In summary, the present invention provides a hardware implementation of convolution calculation in SNN by using the advantages of SNN, which can effectively improve the performance of convolution calculation in a neural network, reduce the calculation complexity, obtain higher efficiency and lower power consumption, and have higher flexibility.
Drawings
Fig. 1 is a hardware configuration diagram of a convolution scheduler in the present invention.

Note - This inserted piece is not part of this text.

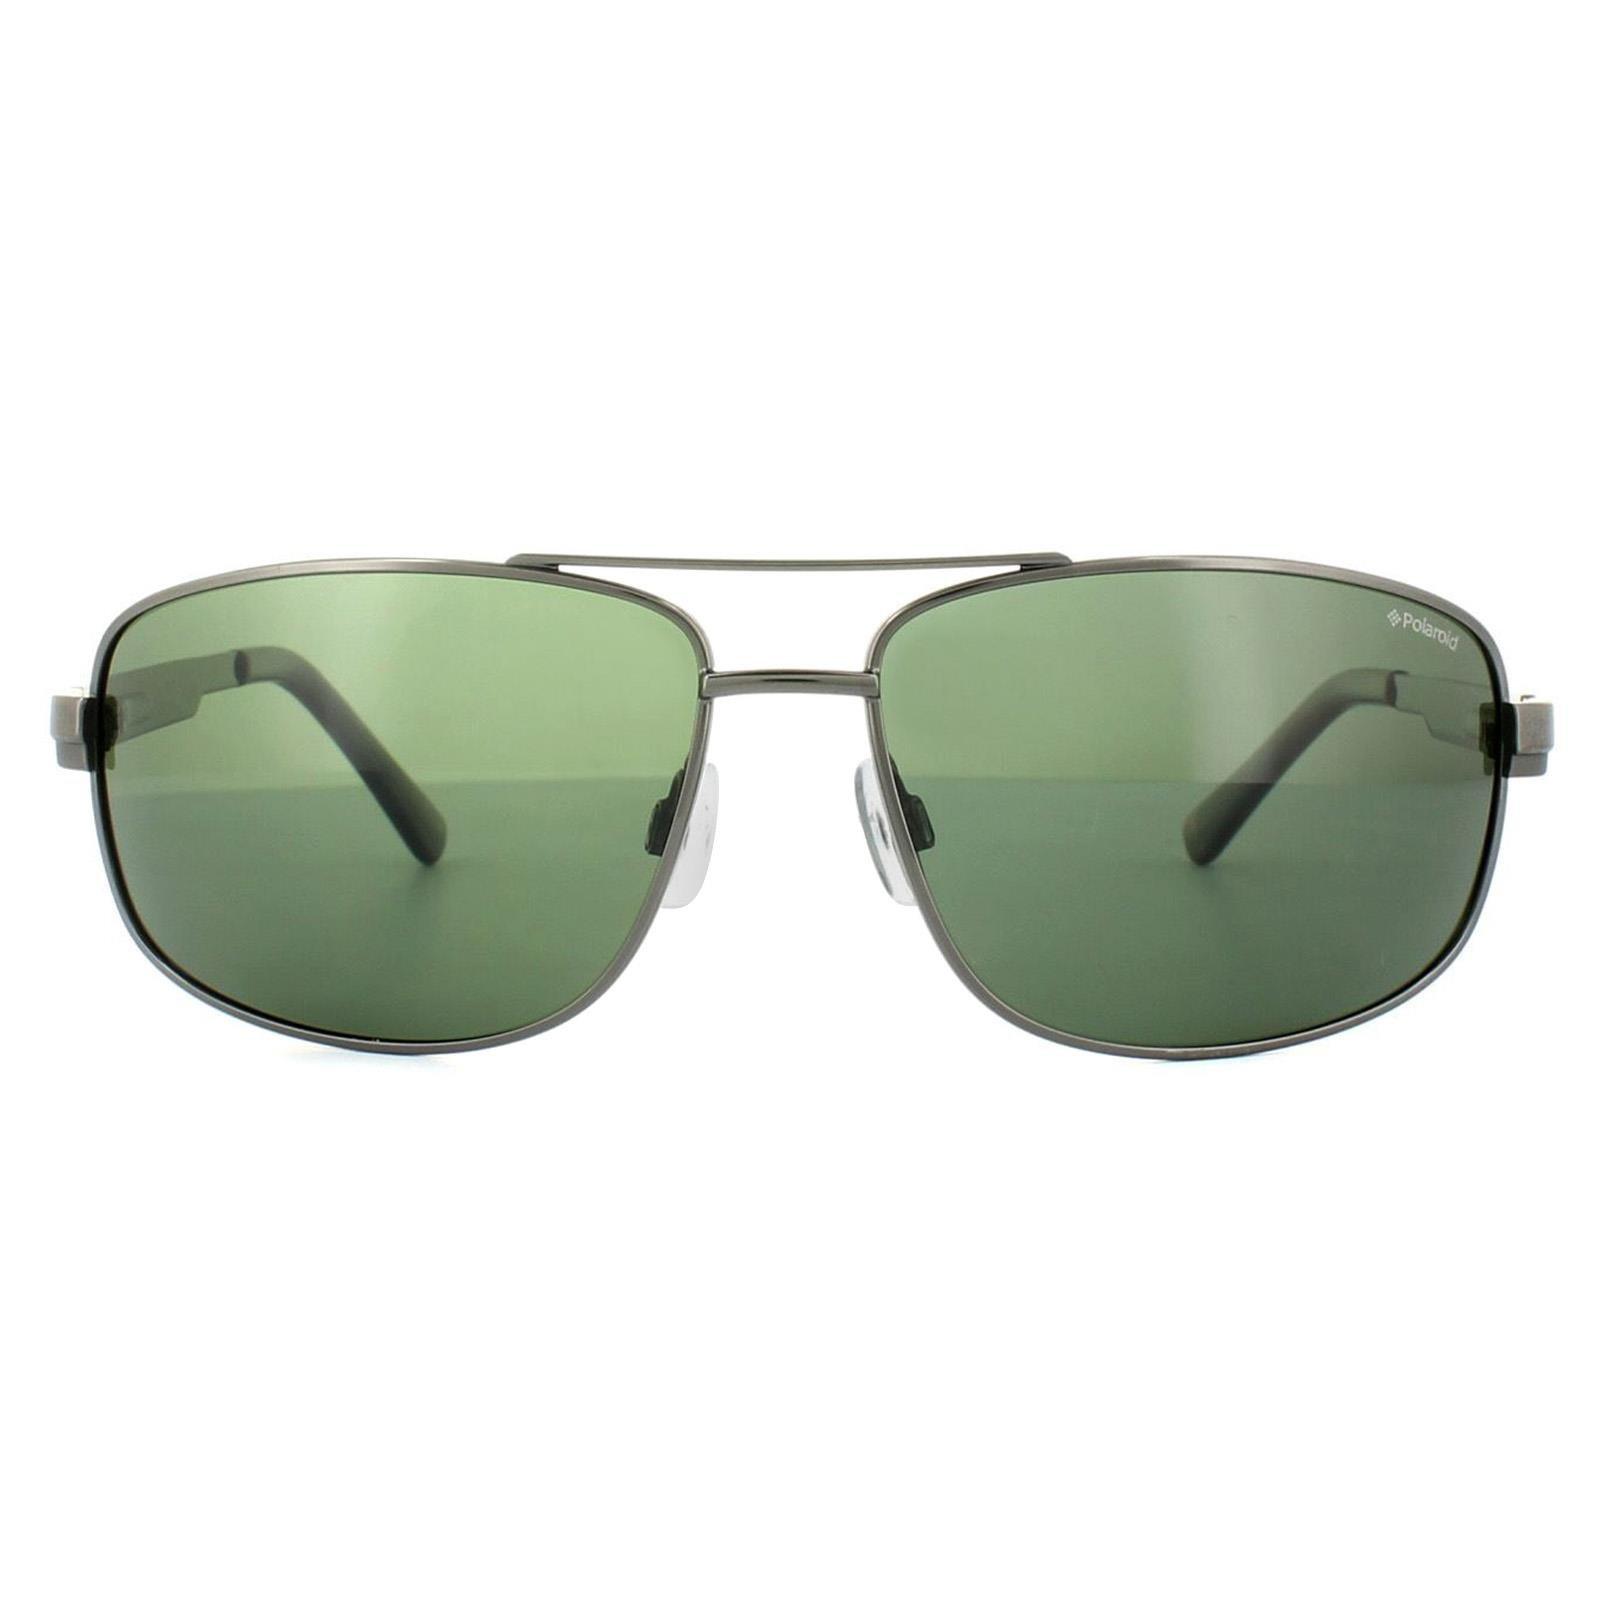 Sunglasses | Aviator Black Green Polarized Sunglasses | Polaroid

Fig. 2 is a control flow diagram of the convolutional scheduler of the present invention.
FIG. 3 is the read neuron State module of the convolutional scheduler of the present invention.
FIG. 4 is a block diagram illustrating filtering and access in accordance with the present invention.
FIG. 5 is a block diagram of the calculation and result saving module of the present invention.
Fig. 6 is a memory structure diagram of the NeuronState in the present invention.
FIG. 7 is a memory structure diagram of Weight in the present invention.
FIG. 8 is a memory structure diagram of Vmem in the present invention.
Detailed Description
In order to make the objects, technical solutions and advantages of the present invention more apparent, the present invention is further described in detail below with reference to the accompanying drawings. It should be understood that the detailed description and specific examples, while indicating the invention, are intended for purposes of illustration only and are not intended to limit the scope of the invention.
The first embodiment is as follows:
as shown in fig. 1, this embodiment proposes a hardware structure of a multiplicative-free convolution scheduler based on a pulse neural network, which is composed of a processor, an external DDR memory, a storage unit, a calculation unit and a convolution controller; the storage unit is used for storing neuron state NeuronState, membrane potential Vmem and synaptic Weight; the computing unit snpu comprises 8 × 8=64 parallel computing units and is responsible for judging whether neurons in the current layer are activated or not and updating the state of the neurons; the convolution controller is responsible for decoding instructions of the processor, controlling the overall execution of convolution calculations, reading and writing data from the storage unit and managing the input and output of the calculation unit.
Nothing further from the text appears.